Case studies, investigations and similar around popular, indepent Open Source projects are suspisciusly missing. The only writing I could find that does touch on the issues I mentioned above is this one, which pretty much argues the status quo.

Why I never think about the OSI

And this is the reason why I never think about the OSI, except when I want to check whether a license is considered open source. Because it has, by itself, been very absent. Beyond the utility value of defining what “Open Source” is1, OSI is not helpful to me.

It didn’t pick up interesting threads and didn’t try to get in touch with communities that didn’t naturally gravitate towards them. One of their co-founders being extremely aggressive towards progressive causes, which were an underlying thread of many of the changes mentioned above, did add some negative feelings in the mix. I say some because I appreciate that ESR is not the OSI and many of the current OSI leadership don’t hold his views, but this hampered the organisation on growing a new community.

But my main issue with the OSI is how little positive and forward-thinking I get out of it. Studies on Open Source issues like Roads and Bridges (and its follow-up book Working in Public), or things like the Maintainerati Report would have been home-runs for the OSI to produce or at least promote. Mozilla’s Open Leadership Resources and trainings are also to be mentioned. All of these are much more useful to me as a maintainer and project lead striving for independence than anything the OSI produces.
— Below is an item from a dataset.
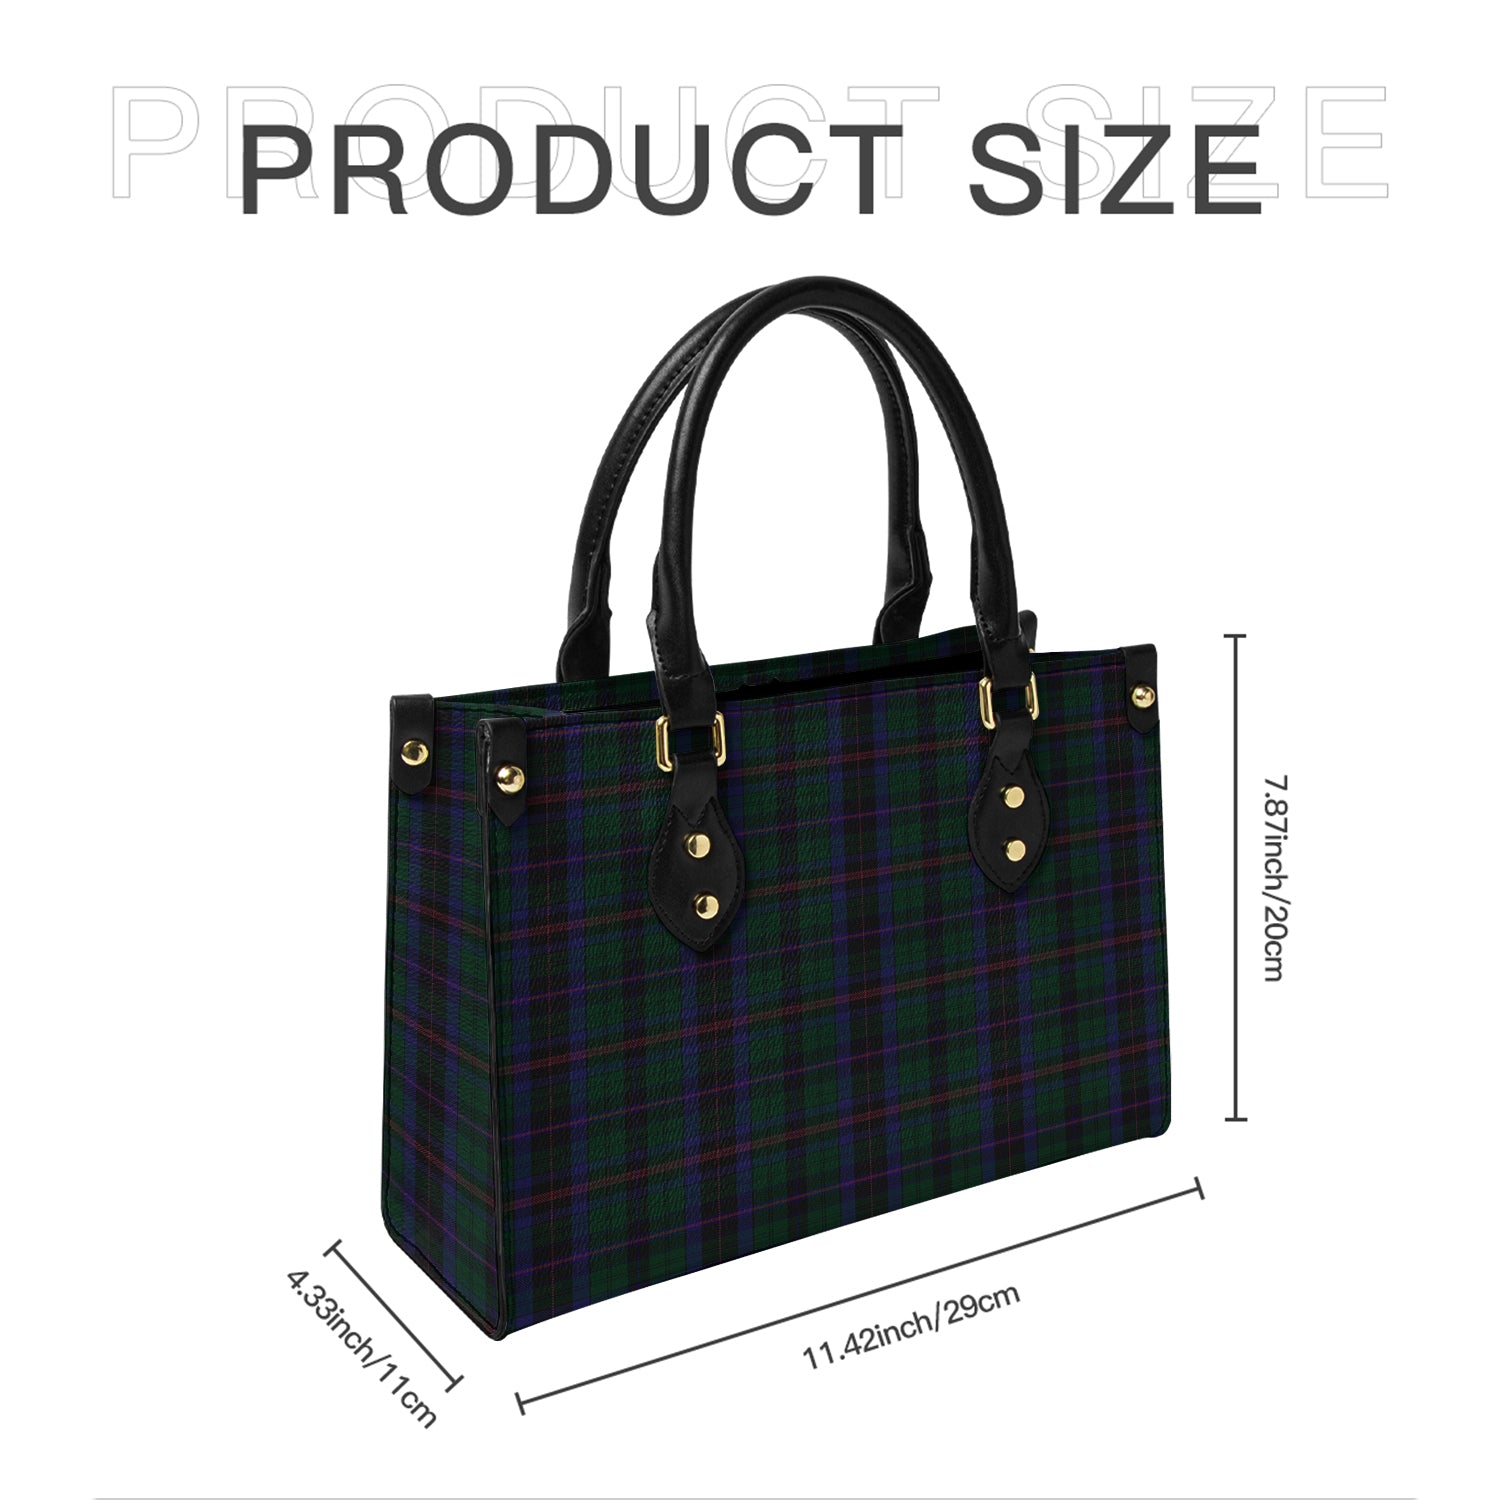 phillips-of-wales-tartan-leather-bag

Their leadership is also mainly consisting of people employed at a number of companies, shielding them from the issues mentioned above.

But why am I writing about it, then?

I find OSI’s current public behaviour disconcerting. Or, rather, the absence of public behaviour, replaced by vocal chair-people. All the issues mentioned above have increased, even culminating in the current drift of “ethical source”, which adds an additional layer of morality on top. It’s a subject for another post, I do actually believe this issue would be less hot if the previous ones were addressed earlier.
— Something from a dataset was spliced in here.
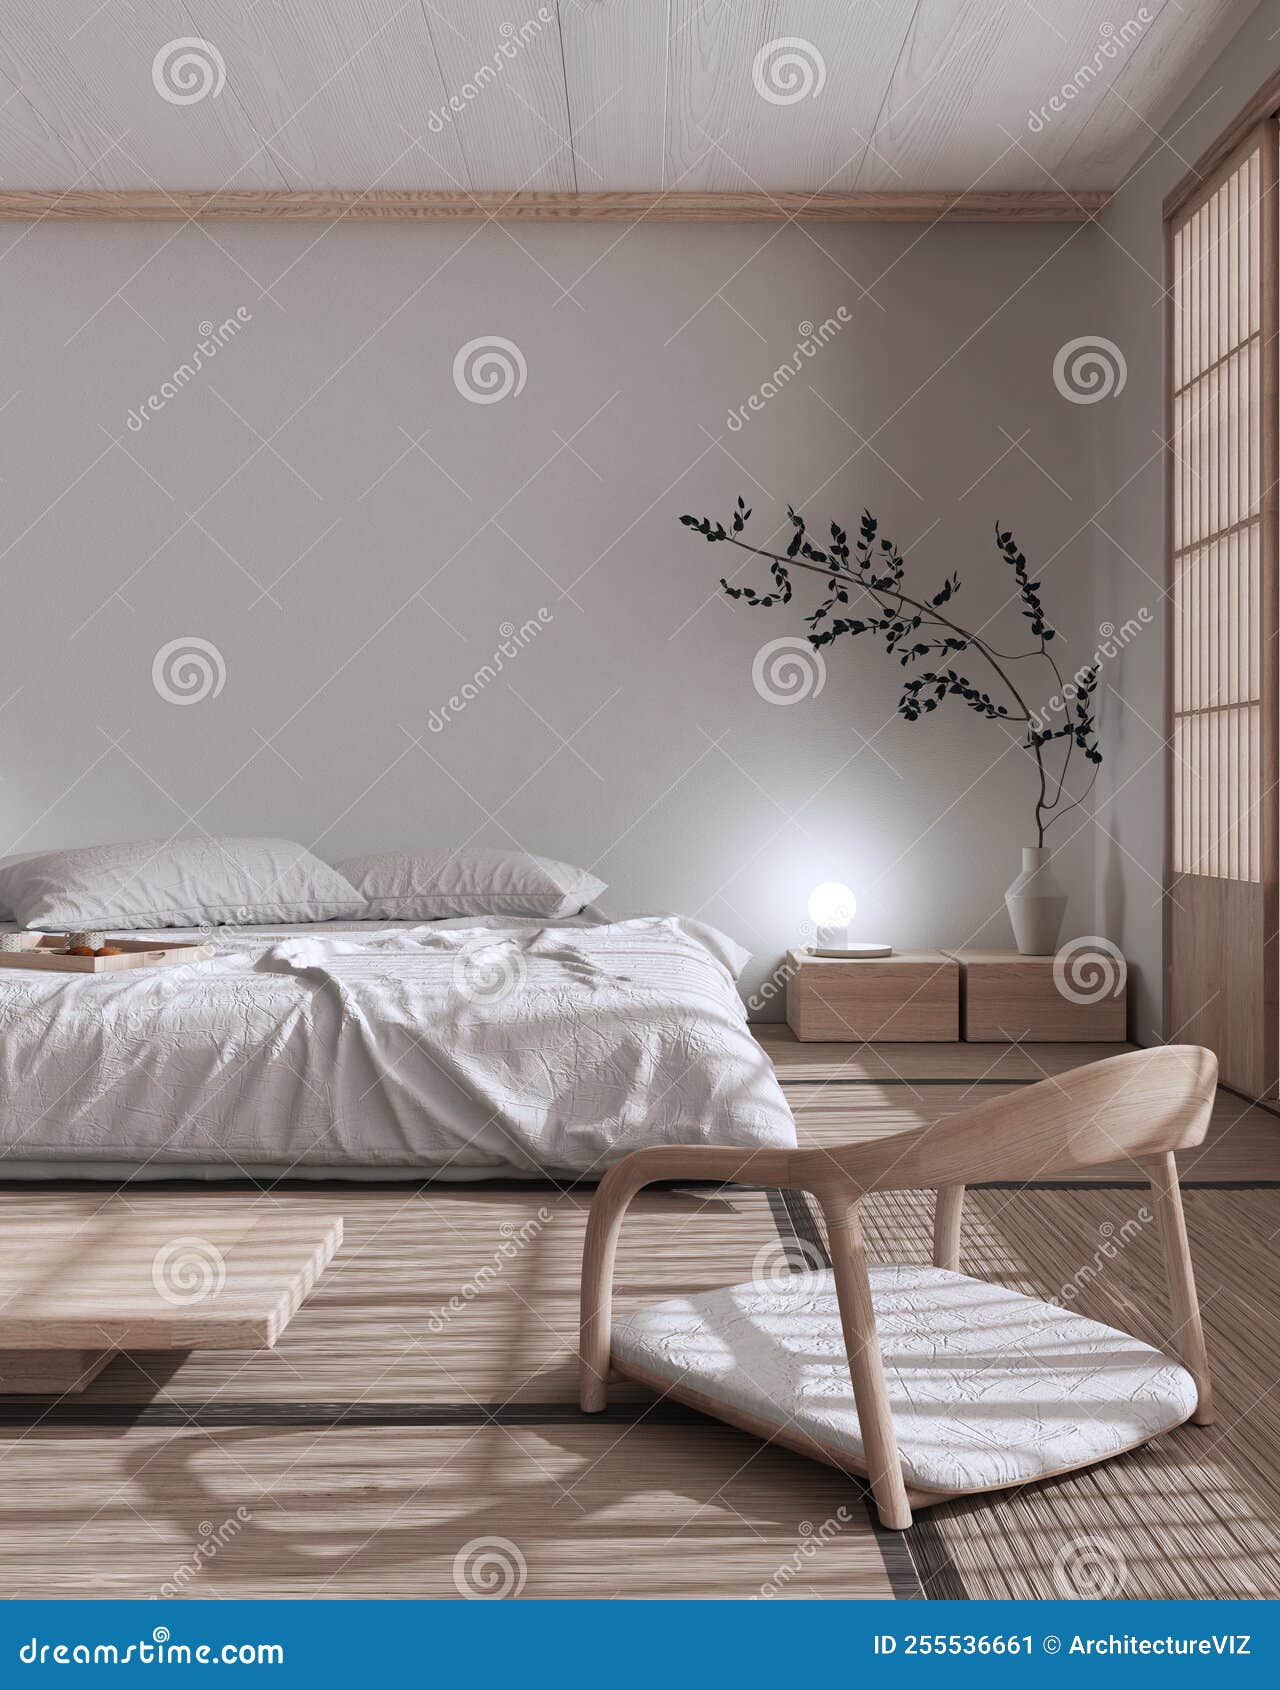 Japandi Bedroom Mock Up In White And Bleached Tones Bed With Pillows

The Ethical Source and Open Code (payment involved) movements is a direct attack on the values of the OSI (and, incidentally, the FSF), from a direction that I believe those organisations did not see it coming: from maintainers and developers. I believe that this is the first fundamental value shift on that front since the Open Source movement split from the Free Software Movement. This puts especially the OSI on the defense. And this defense is weakened, as they have missed building ties to major community drifts. The inability to see and address those drifts and reorient towards maintainer issues has left the OSI out in the open.

This is sad, because the OSI is uniquely positioned to guide these discussions: it is an old organisation with many ties to companies. Losing the OSI would be losing a lot of ties that have taken years to build. I have yet to see relevant changes to their mode of working, though, finding their own, practical answers and guidance to the issues mentioned above.
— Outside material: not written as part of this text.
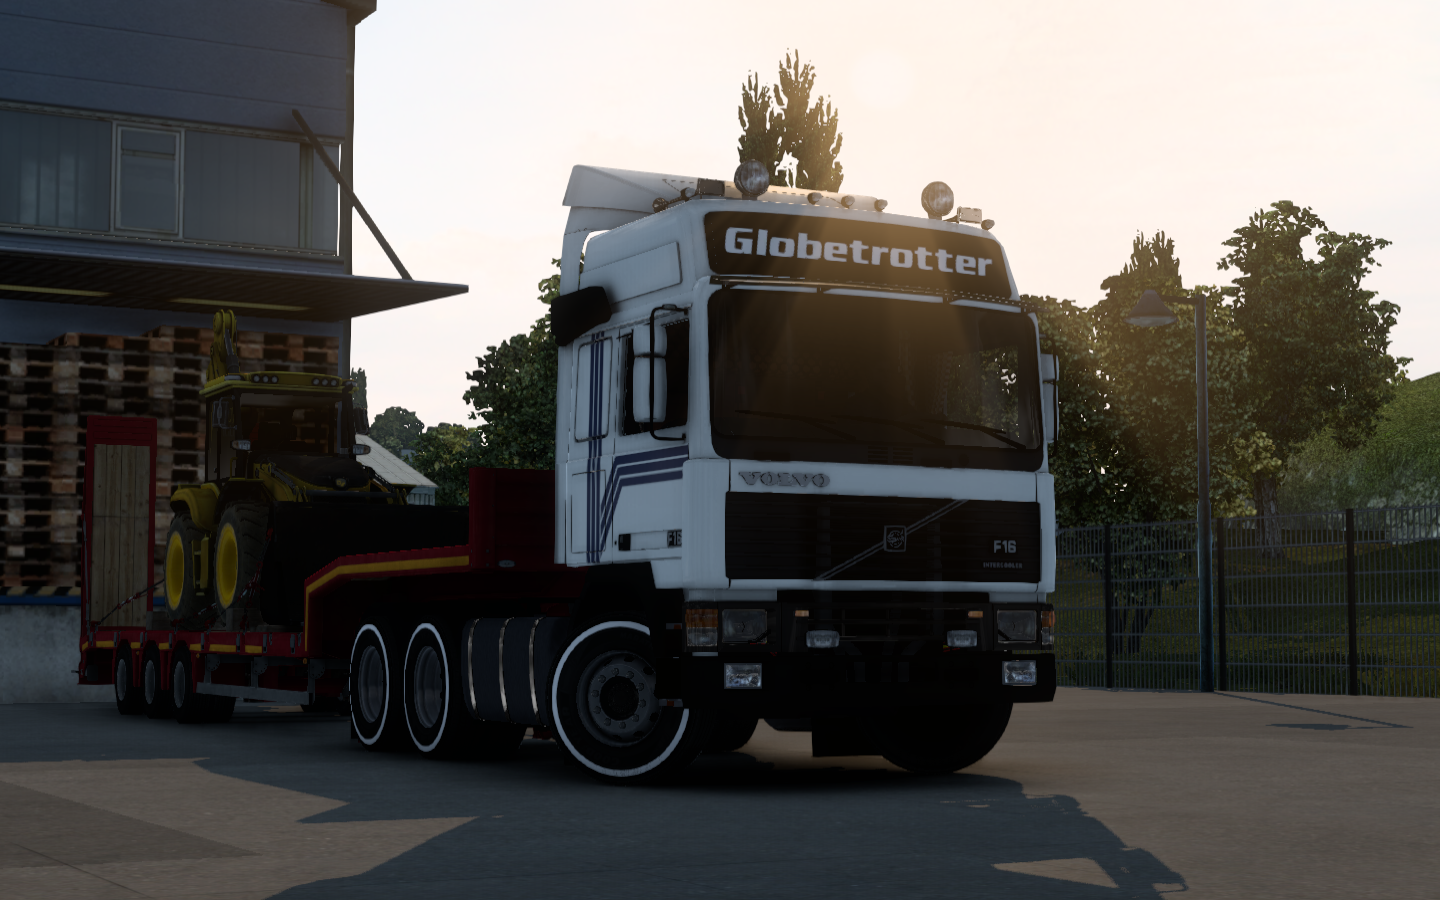 ets2_20210528_222921_00.png

I remain to be convinced otherwise, but I see the OSI on the way to irrelevance. I’m personally very conflicted around it, because I still see value in fully liberal Open Source, but also value the current drifts that eschew harmony and hegemonism in favor of more solutions, centered around individual wishes and developers, not the ease of use for multinational companies.

Thanks

Thanks to Steve Klabnik, Don Goodman-Wilson and Jan-Erik Rediger for crossreading and corrections.